━━ Dataset extract ━━

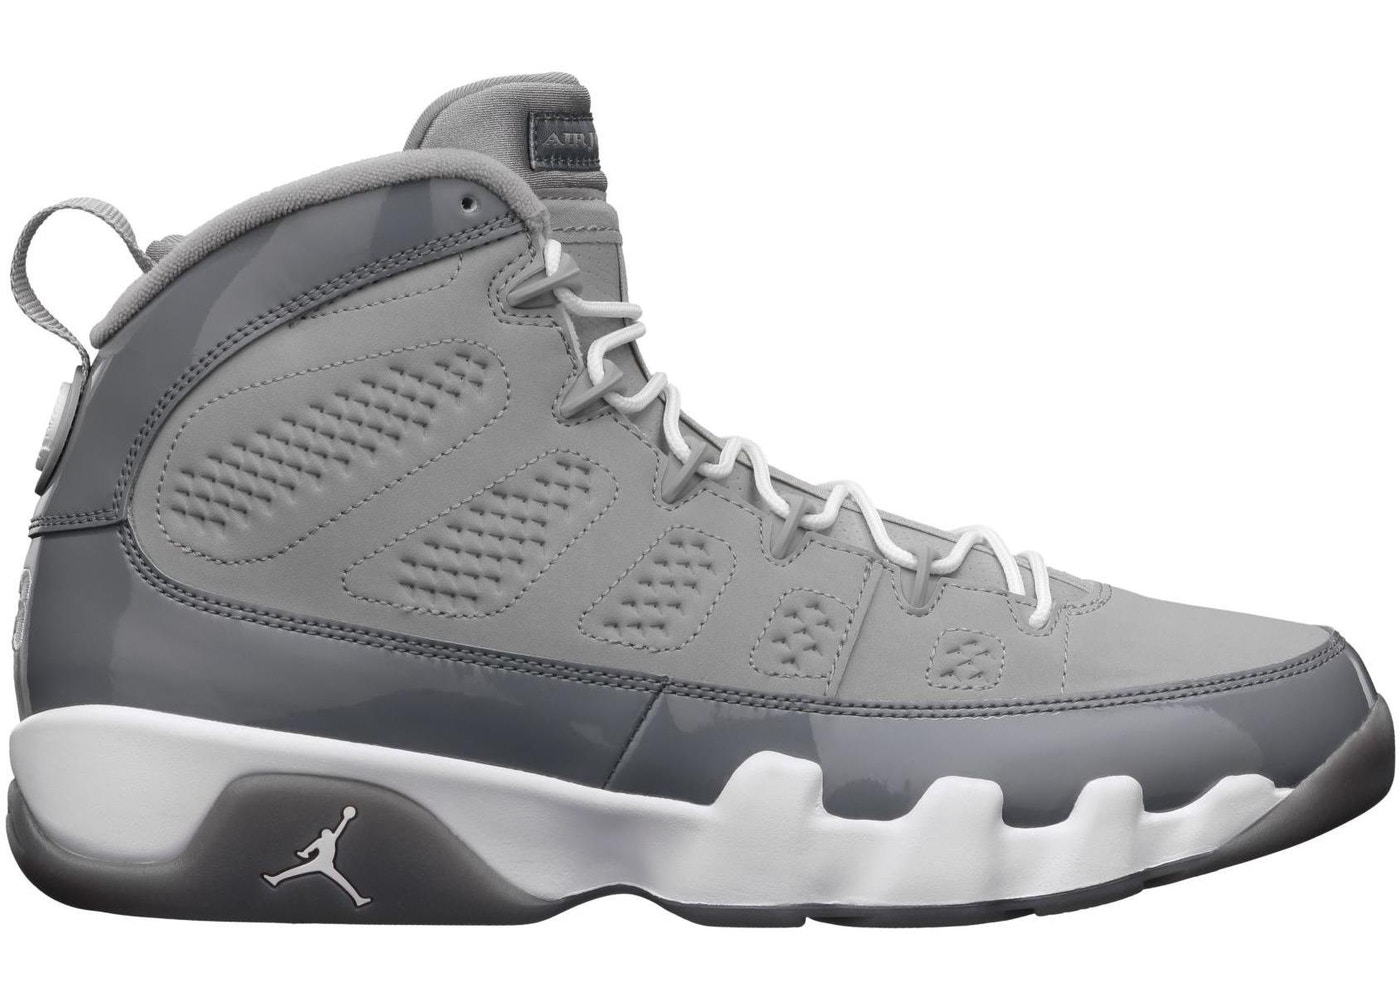 check out abbaf 0b3fa Air Jordan Shoes - Release Date
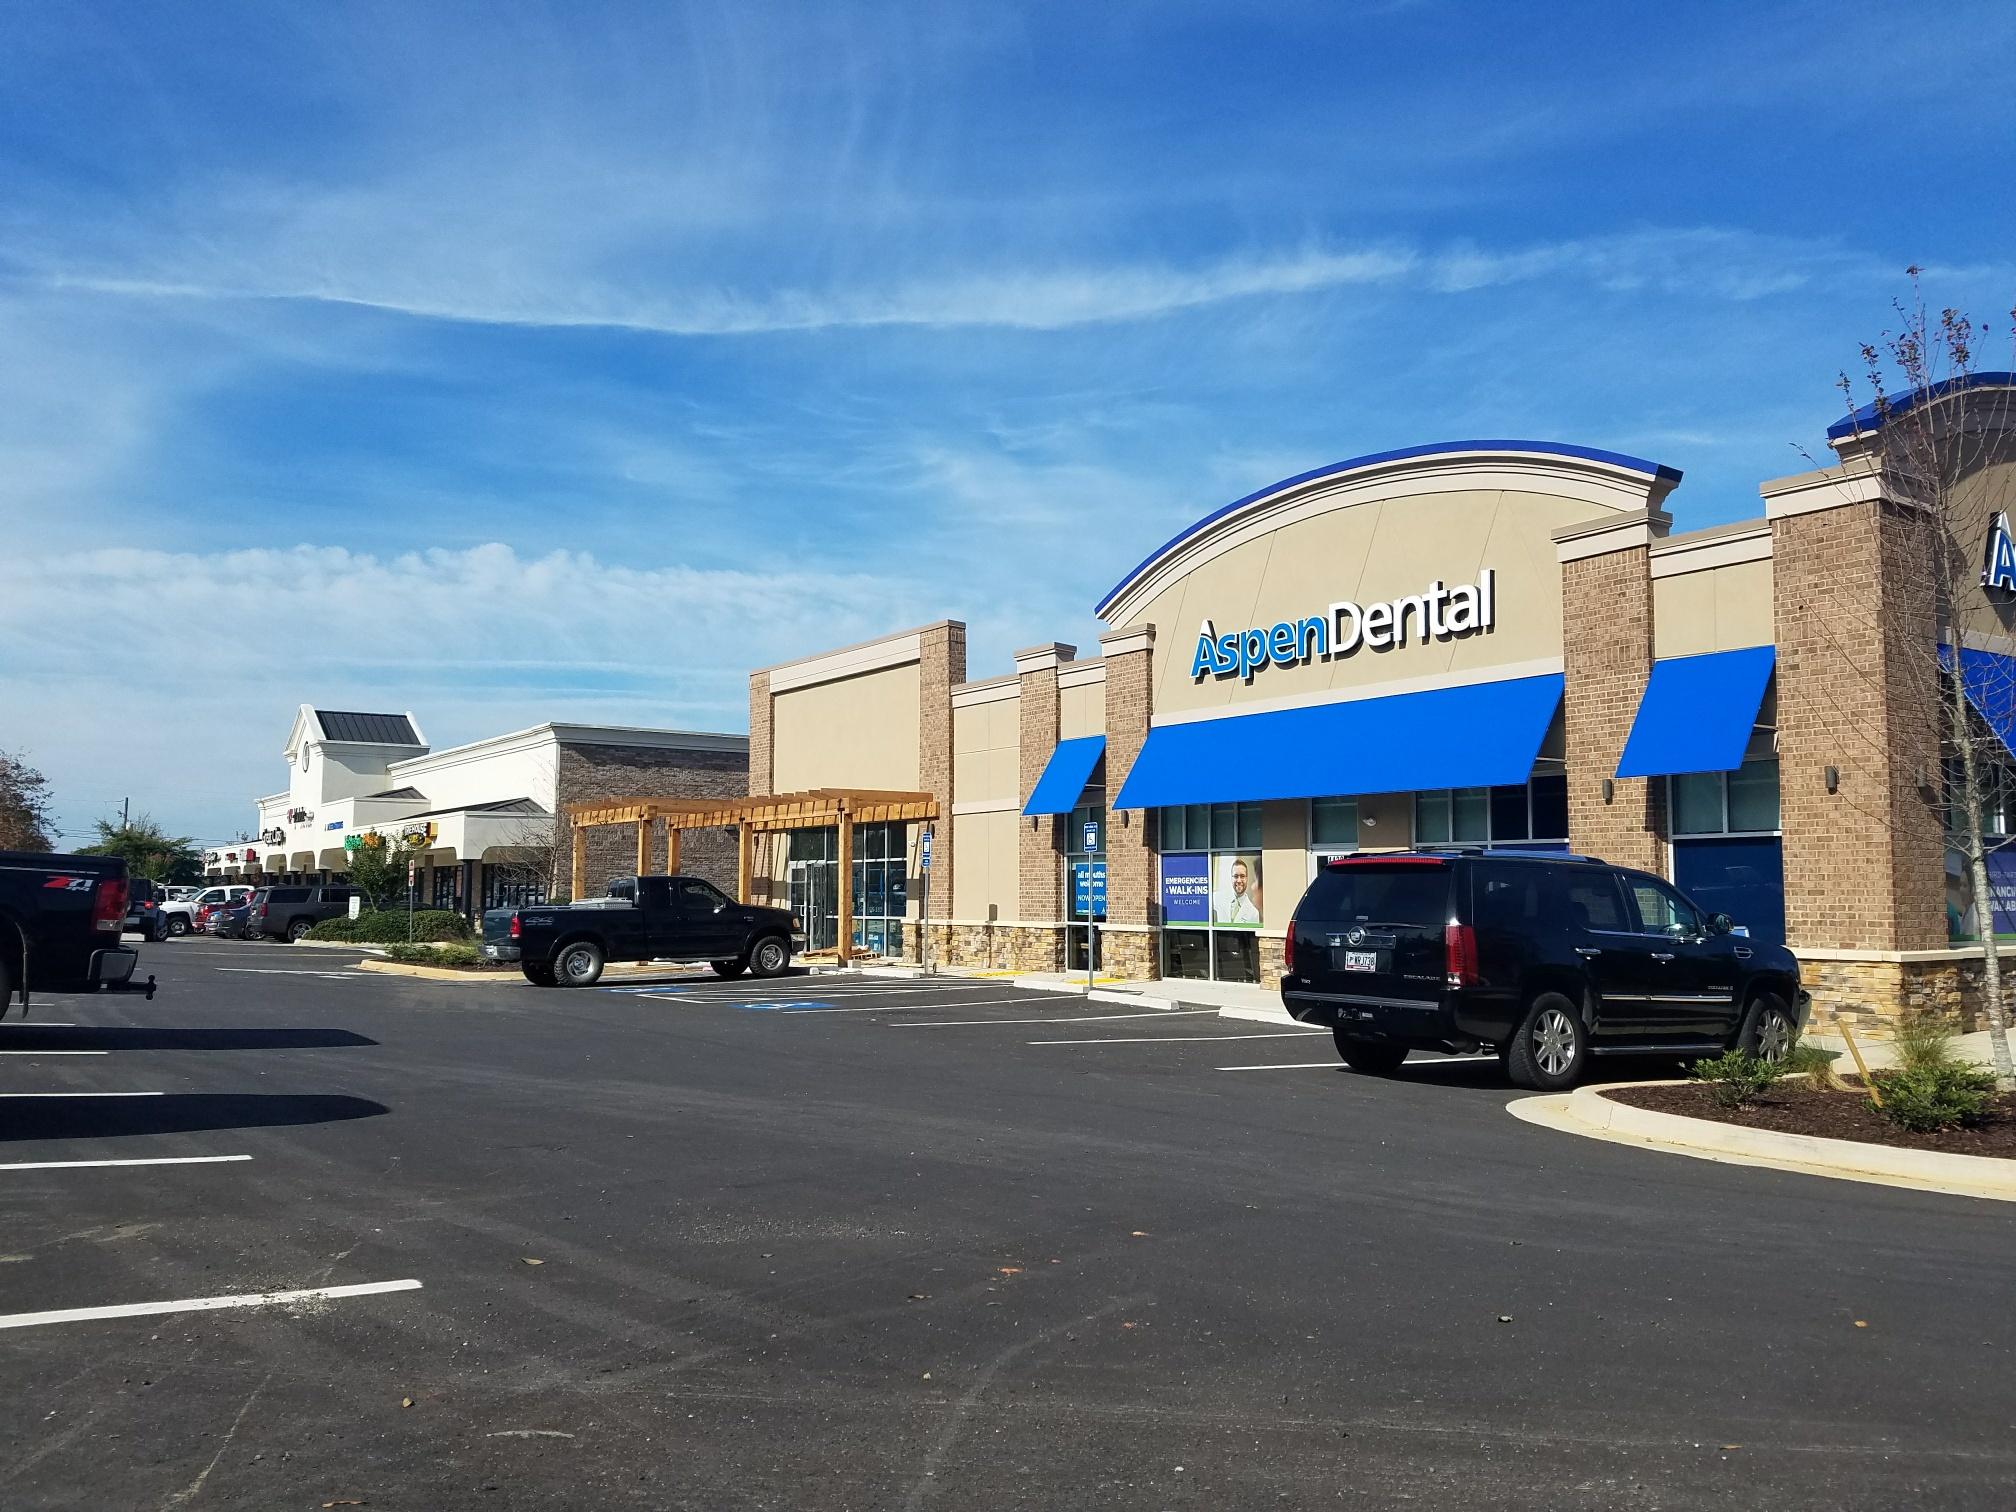 aspen dental building | Sherman and Hemstreet
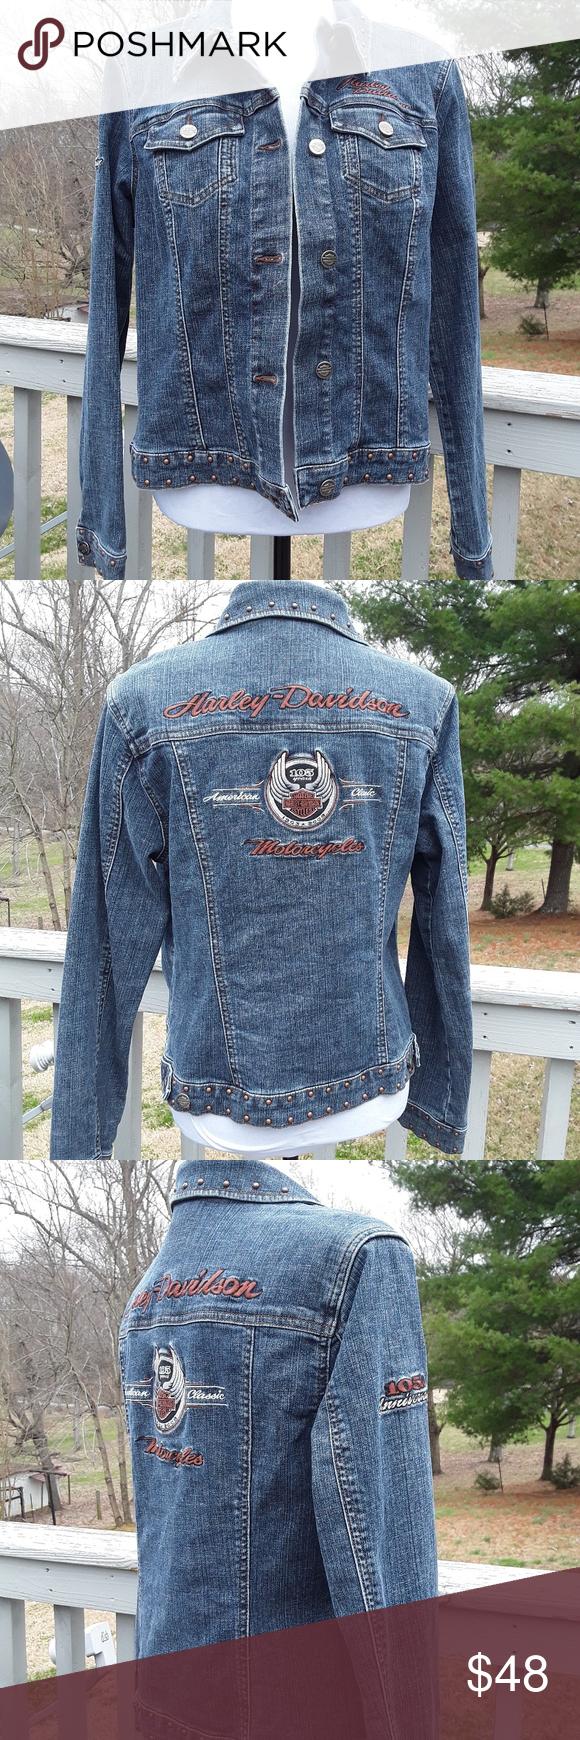 Womens Harley Davidson Jean Jacket Sz L Harley Davidson Jean Jacket Harley Davidson Jeans Jackets [ 1740 x 580 Pixel ]
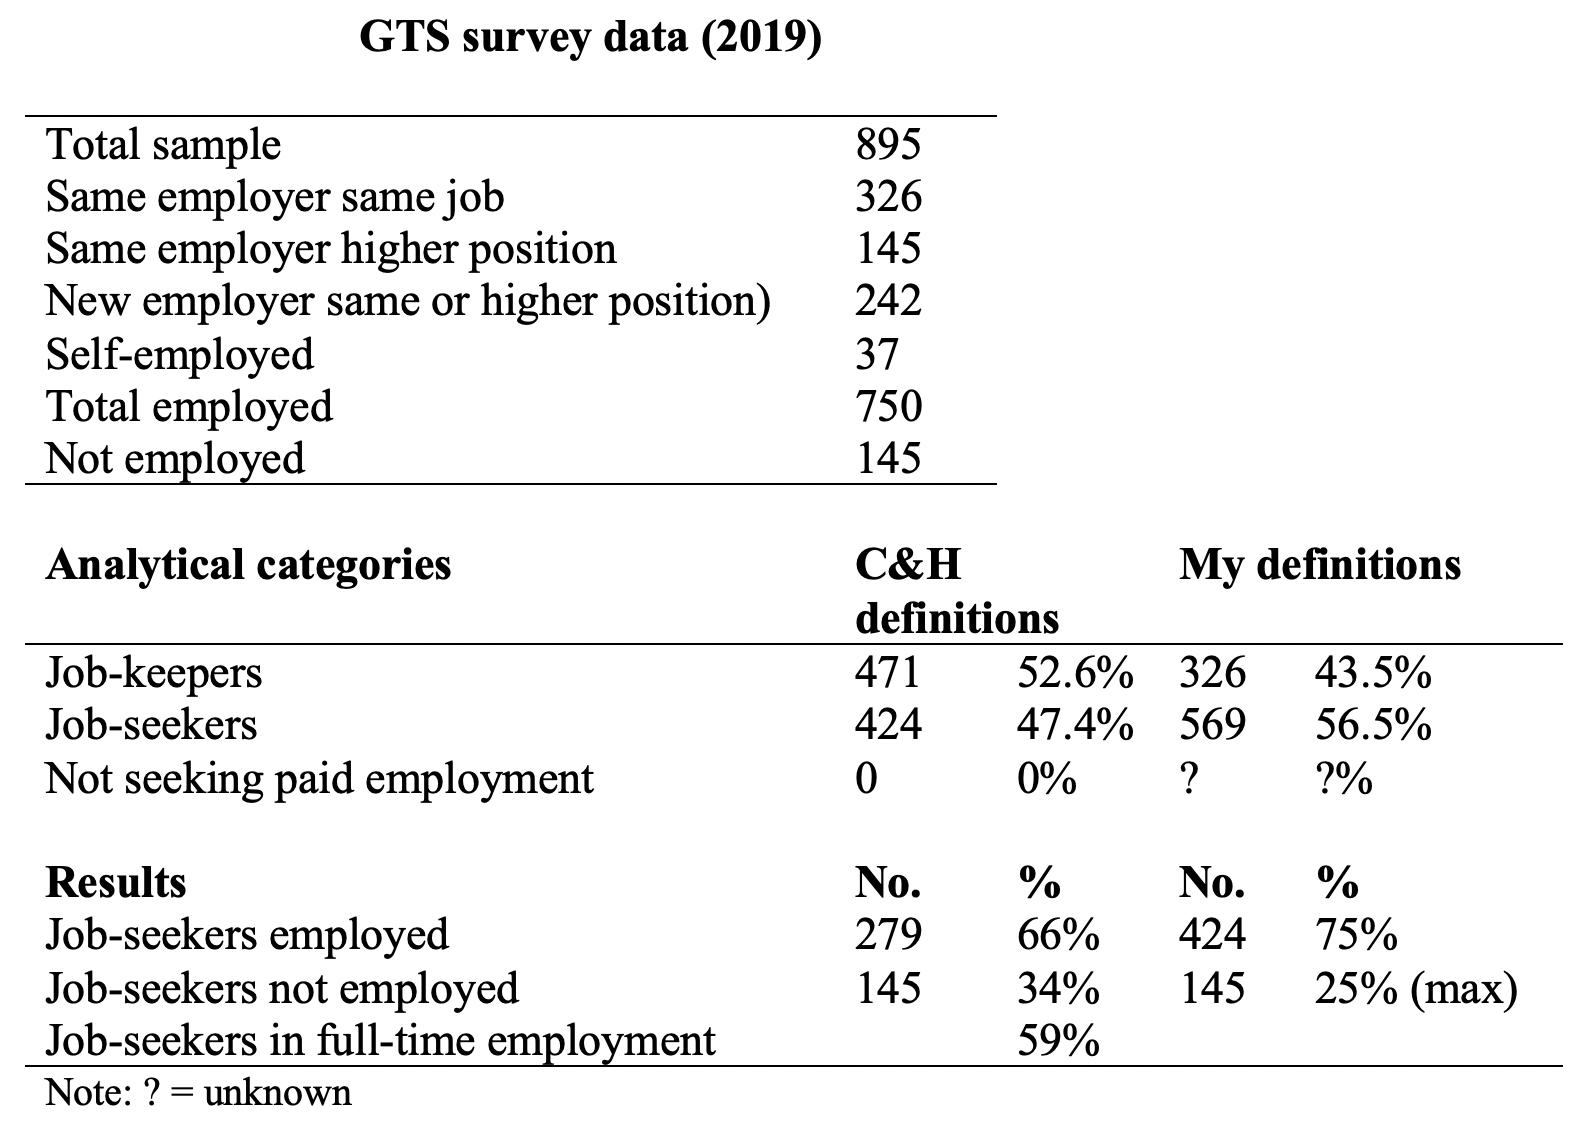 Table 1: GTS survey data (2019)

━━━

**Work order:**
Copy all of the material word for word, and include none of its pictures.

**Response box:**
 check out abbaf 0b3fa Air Jordan Shoes - Release Date
 aspen dental building | Sherman and Hemstreet
 Womens Harley Davidson Jean Jacket Sz L Harley Davidson Jean Jacket Harley Davidson Jeans Jackets [ 1740 x 580 Pixel ]
 Table 1: GTS survey data (2019)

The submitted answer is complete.